- WHAT YOU WILL DO -
Retype the data below exactly, skipping pictures.
START DATA
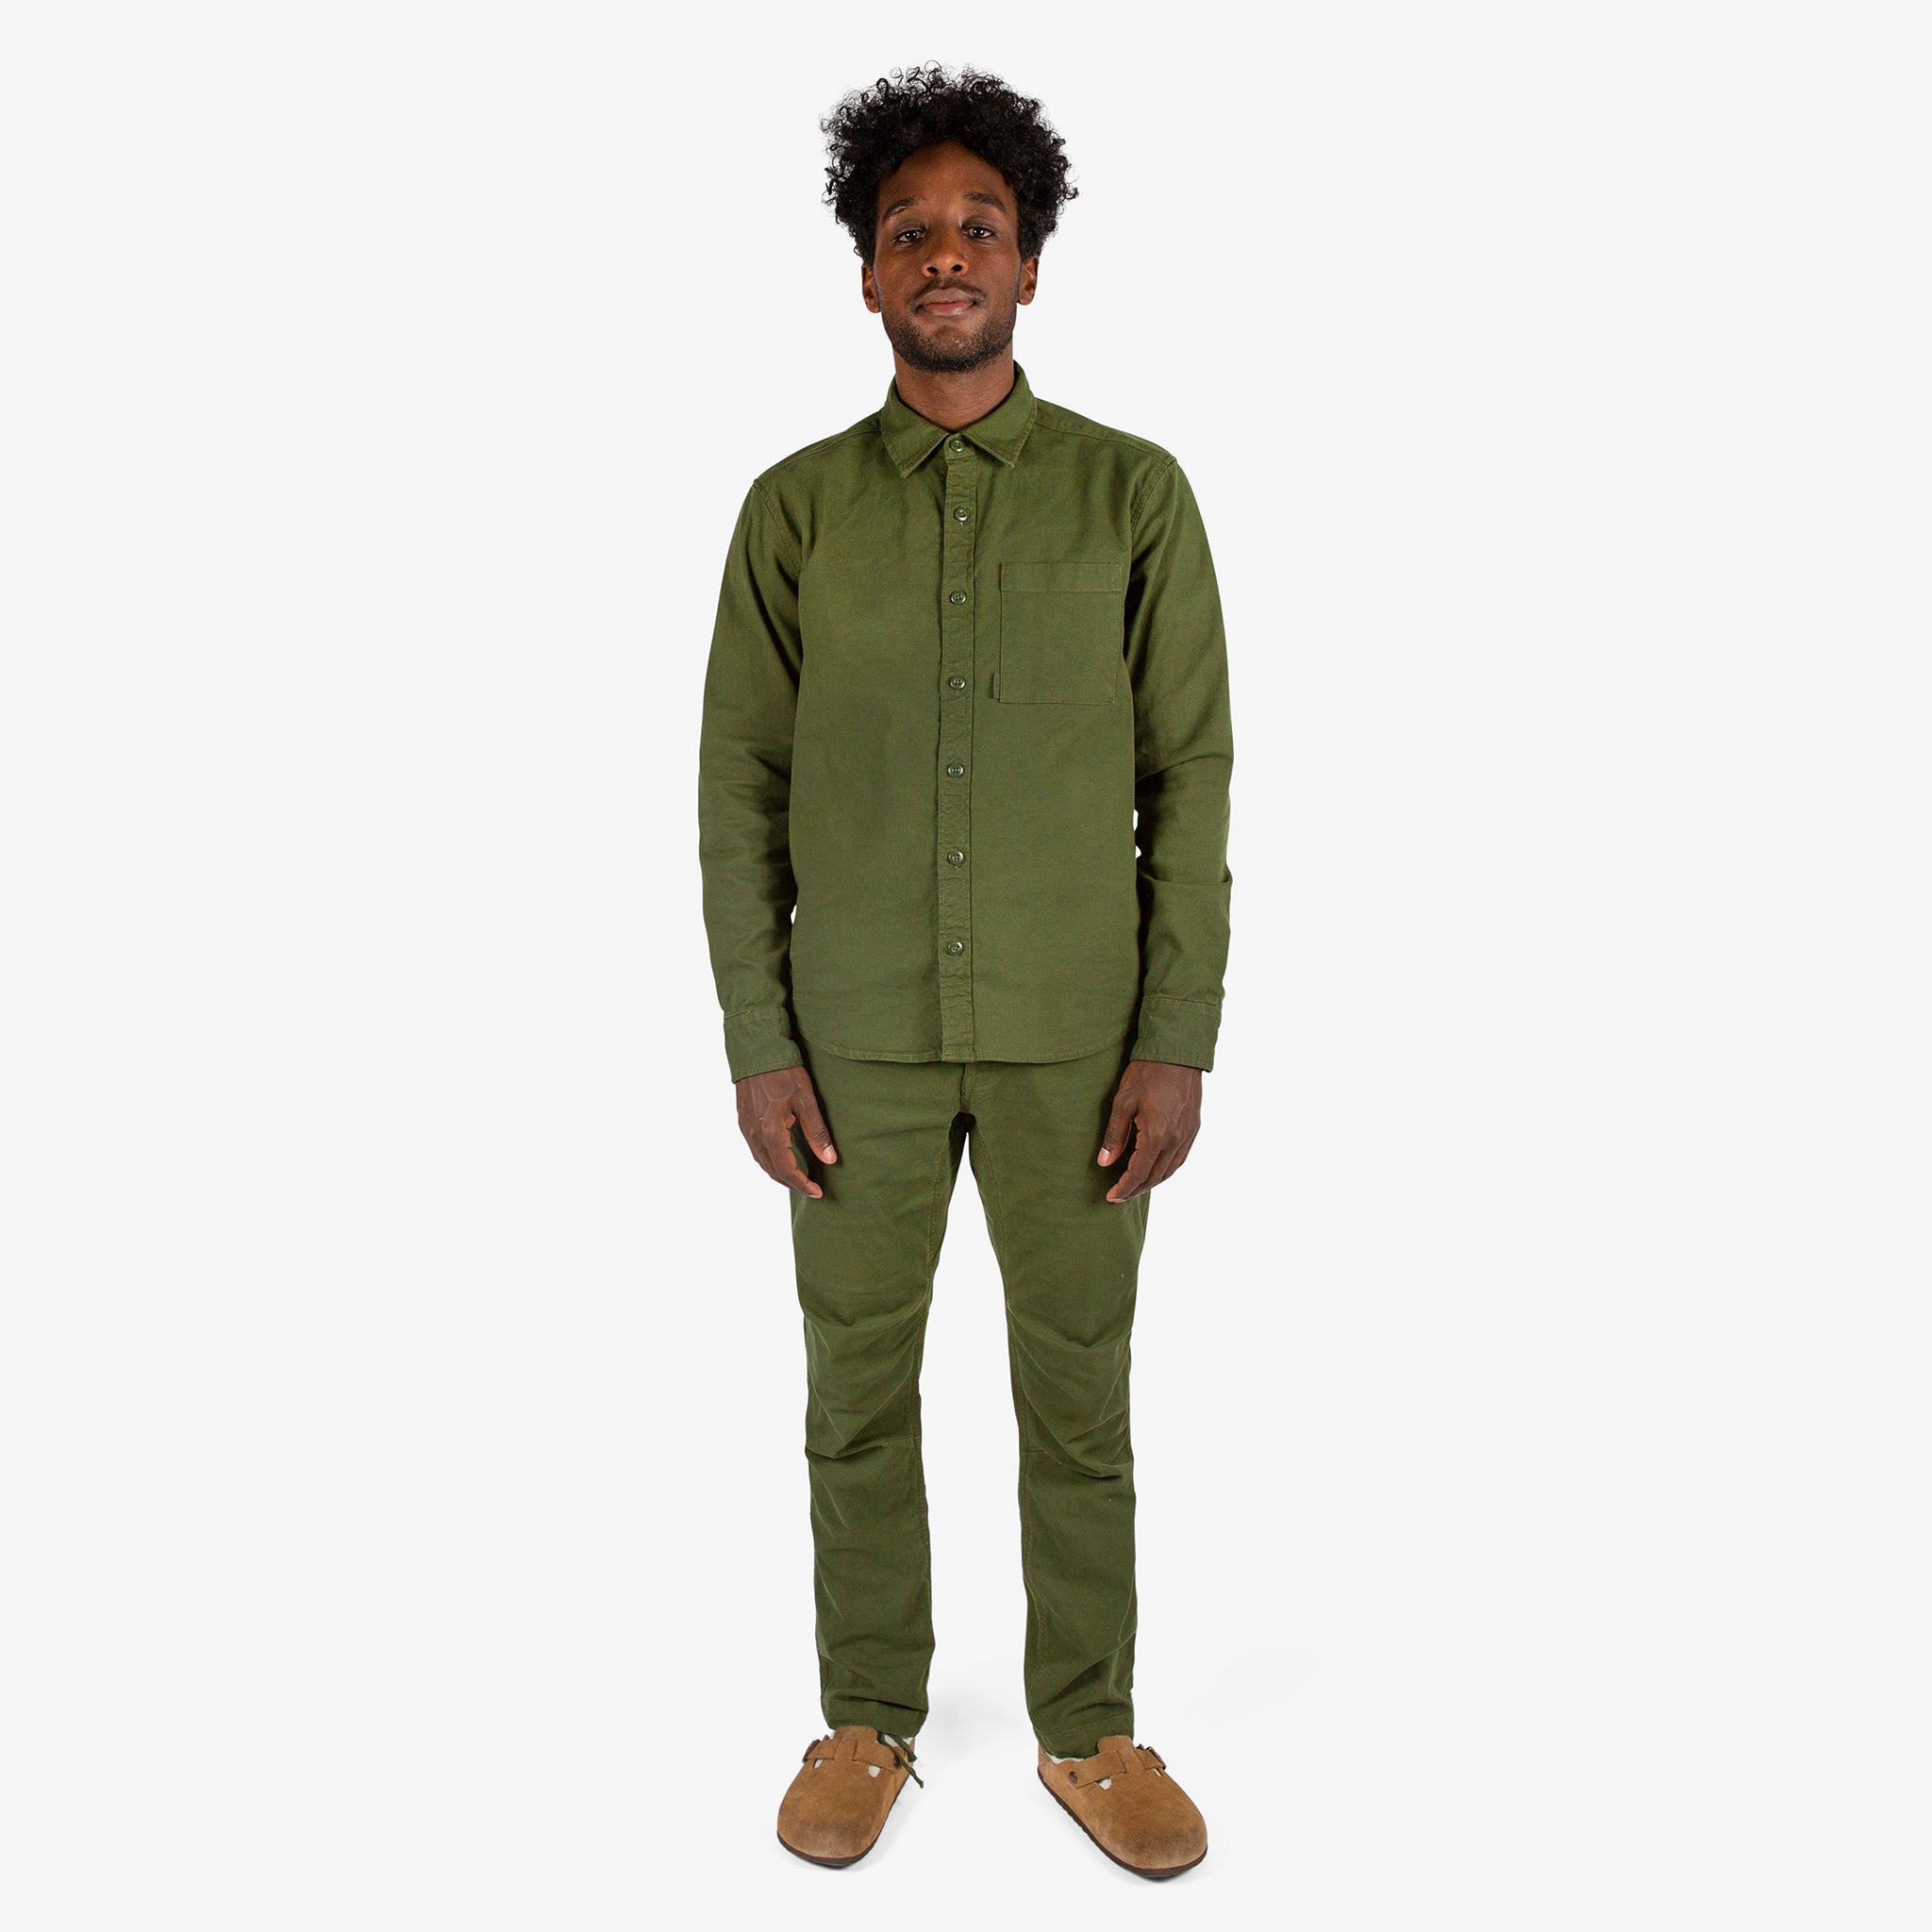 Full front model shot of Topo Designs Men's Dirt Shirt & Pants in "Olive" green.
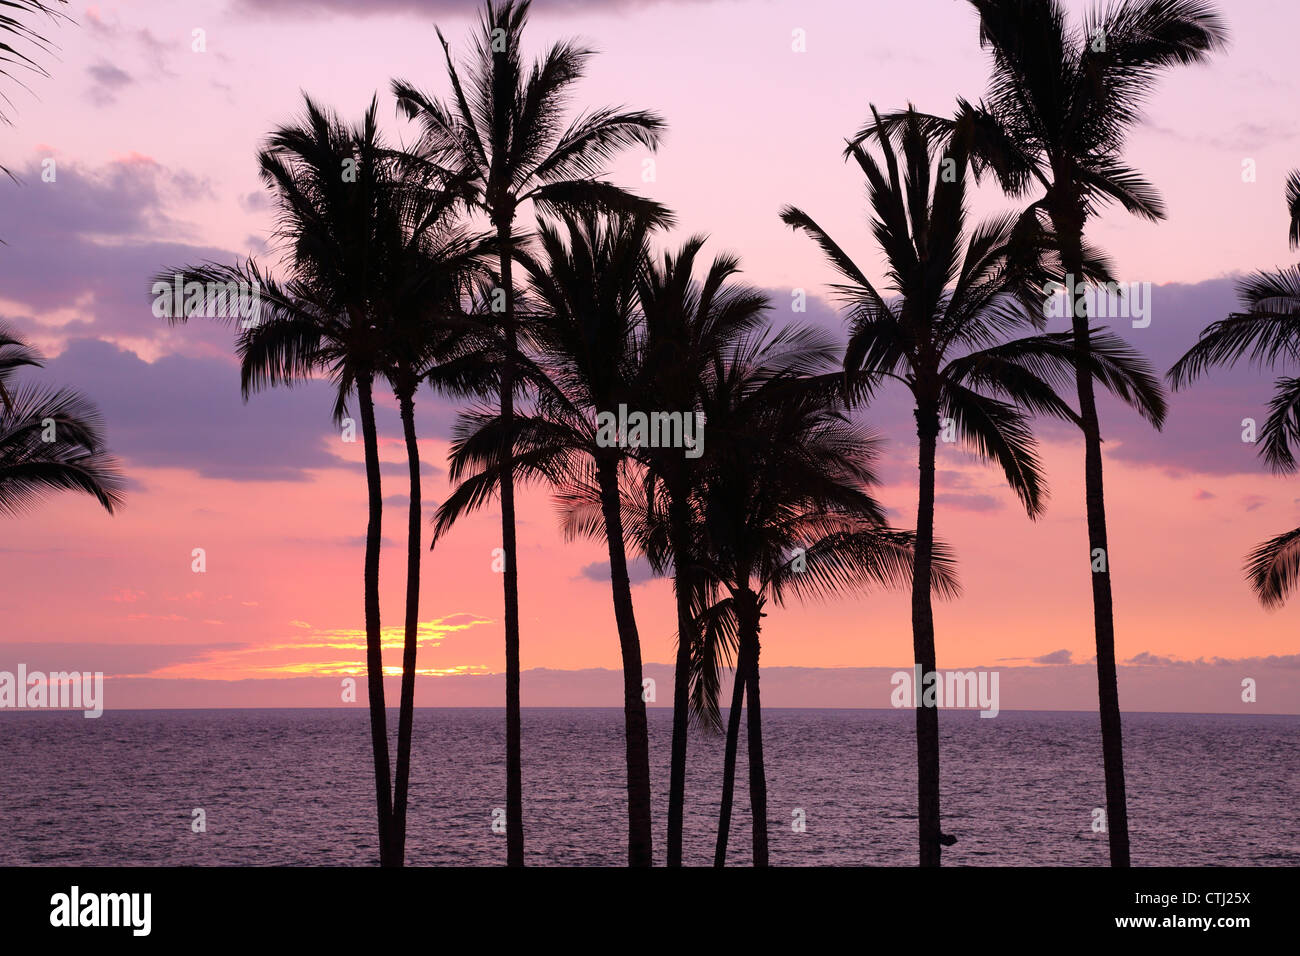 Palm trees at sunset, Hawaii Stock Photo
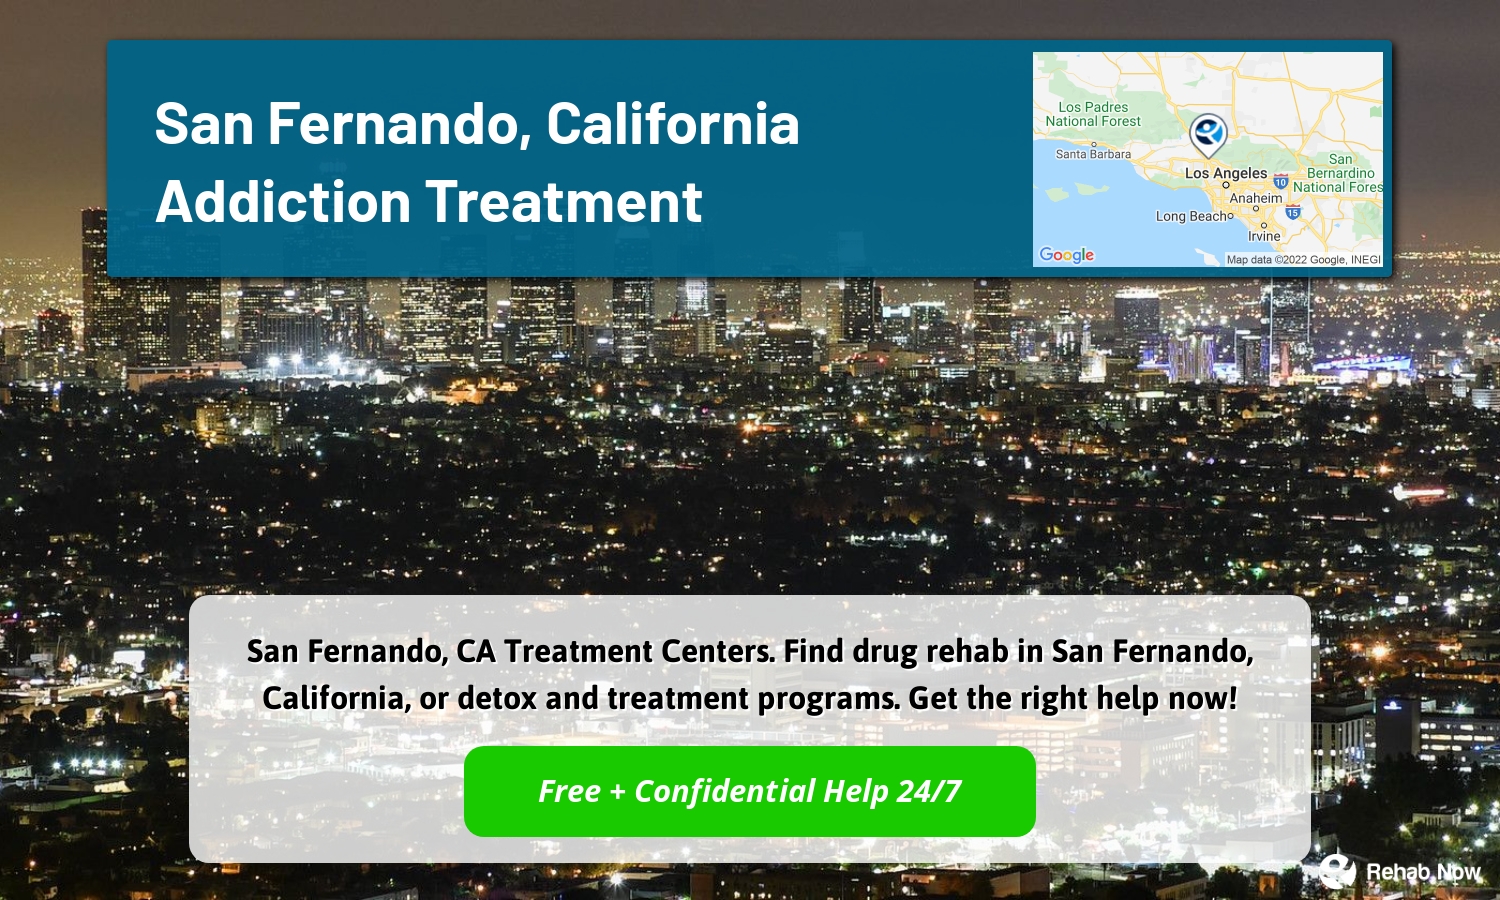 San Fernando, CA Treatment Centers. Find drug rehab in San Fernando, California, or detox and treatment programs. Get the right help now!
END DATA
- RESULT OF THIS EXERCISE -
 Full front model shot of Topo Designs Men's Dirt Shirt & Pants in "Olive" green.
 Palm trees at sunset, Hawaii Stock Photo
 San Fernando, CA Treatment Centers. Find drug rehab in San Fernando, California, or detox and treatment programs. Get the right help now!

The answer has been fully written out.